TASK STATEMENT: From the line containing "Rx Vitamins for" through the last line of the listing, output each line exactly as it stands. Omit pictures.

DATA:
——————————

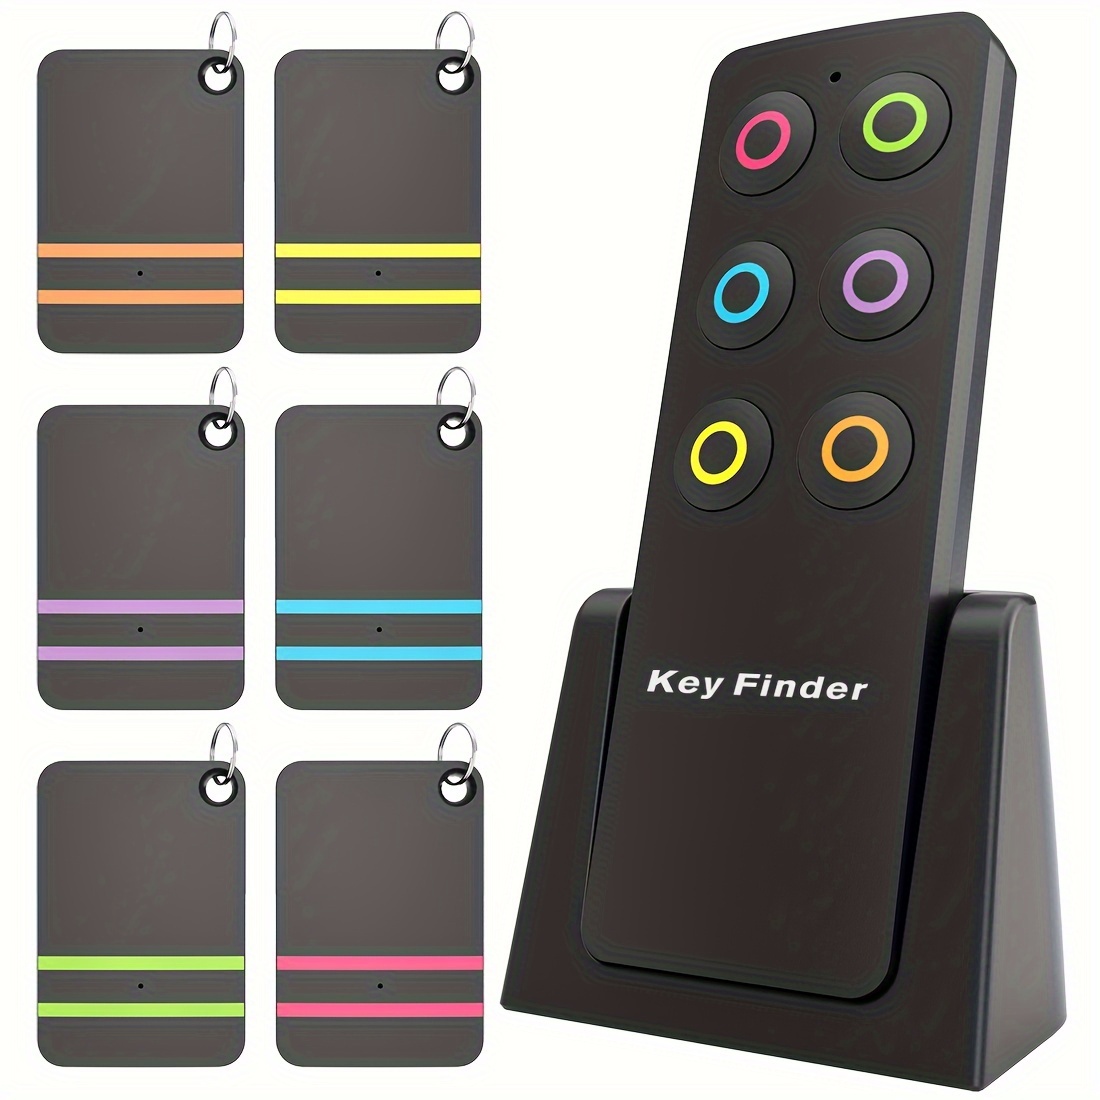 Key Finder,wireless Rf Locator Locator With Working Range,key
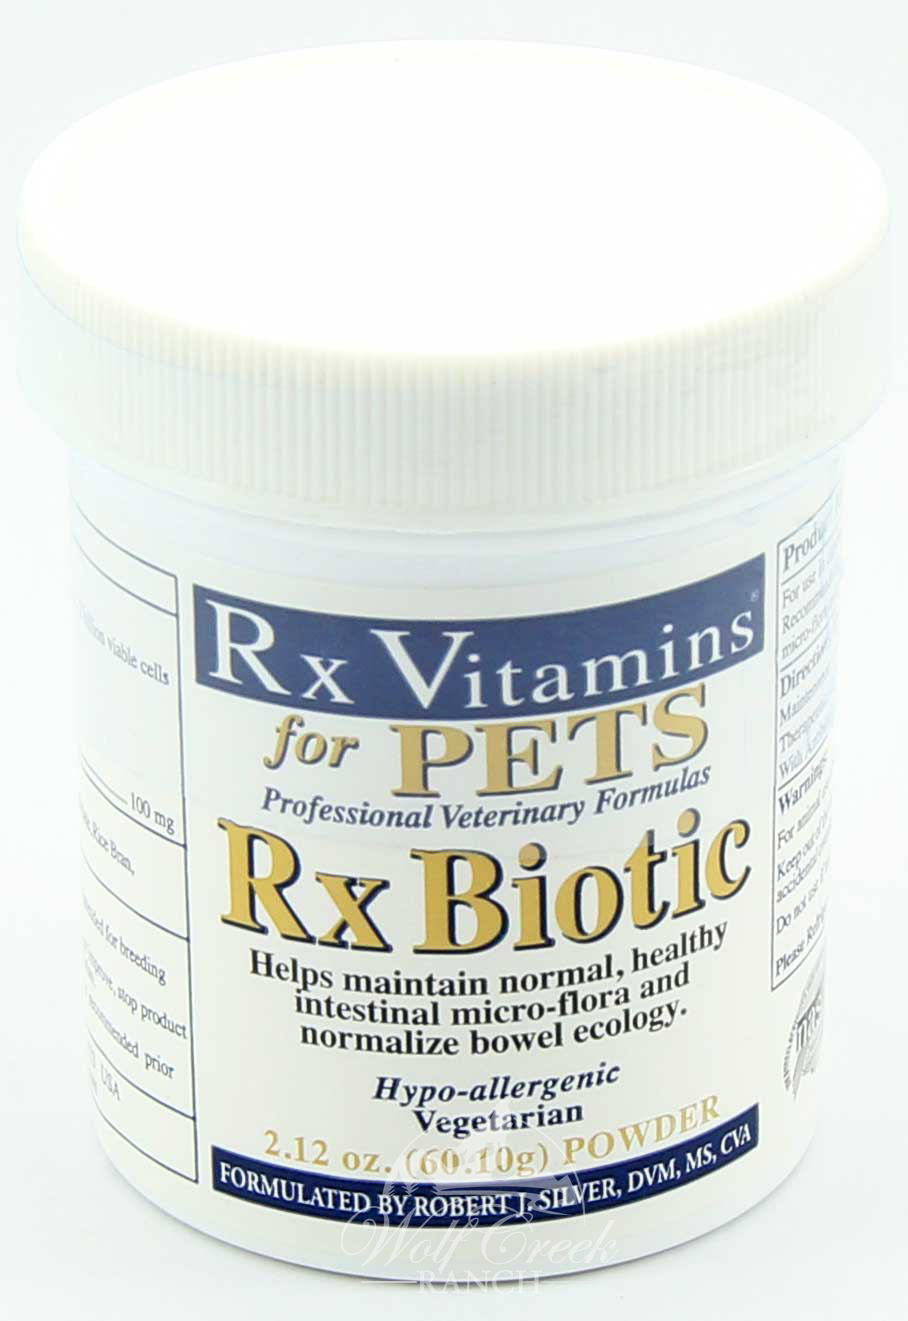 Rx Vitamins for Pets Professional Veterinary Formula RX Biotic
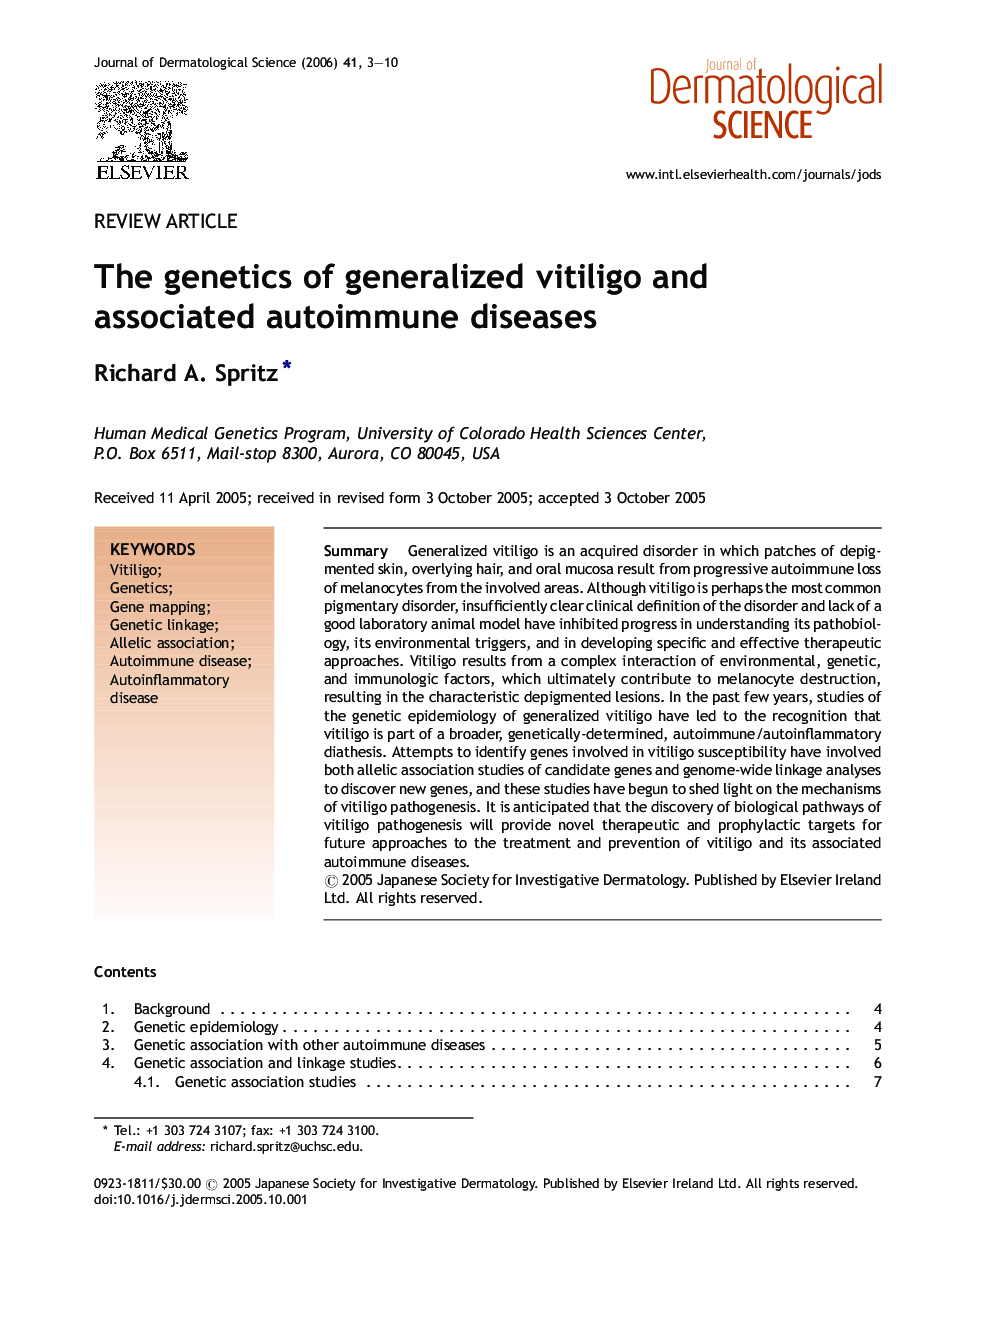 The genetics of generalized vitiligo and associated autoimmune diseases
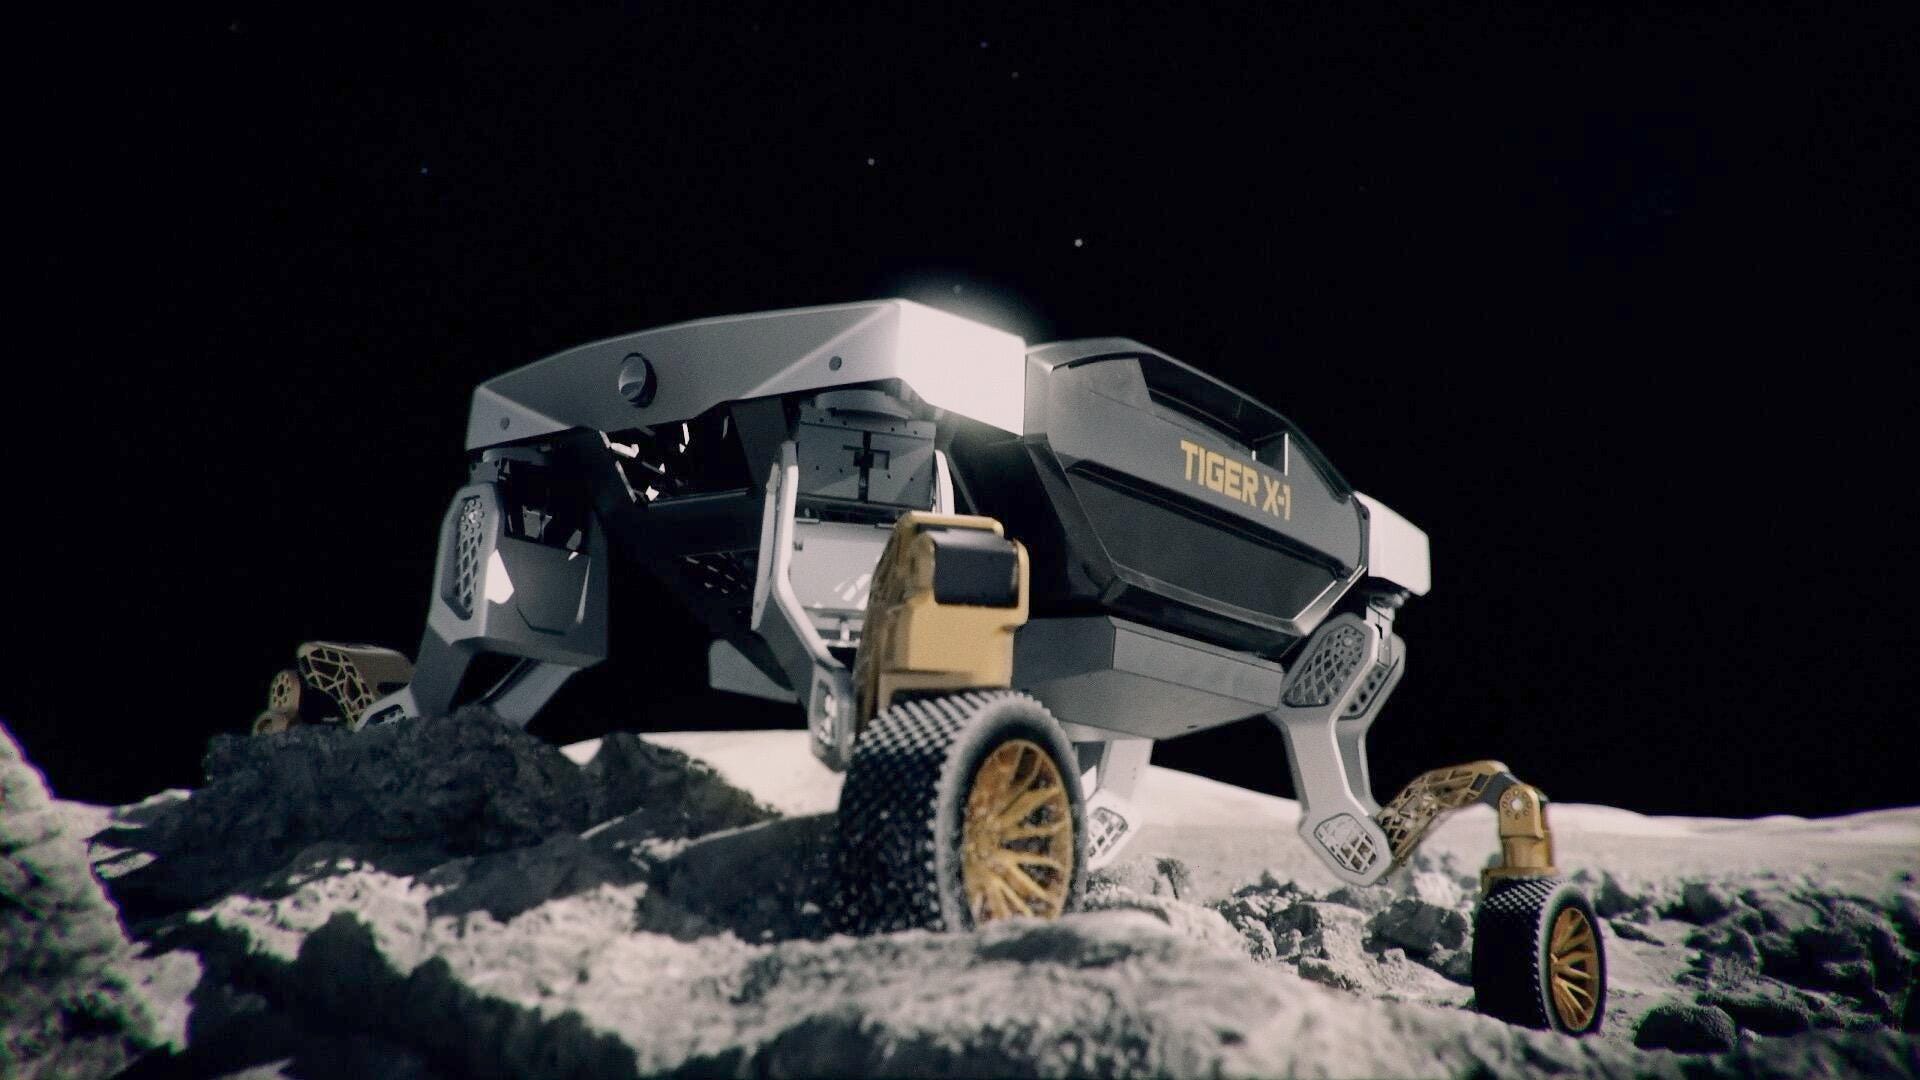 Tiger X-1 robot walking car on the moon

——————————

RESULT OF THE TASK:
 Rx Vitamins for Pets Professional Veterinary Formula RX Biotic
 The genetics of generalized vitiligo and associated autoimmune diseases
 Tiger X-1 robot walking car on the moon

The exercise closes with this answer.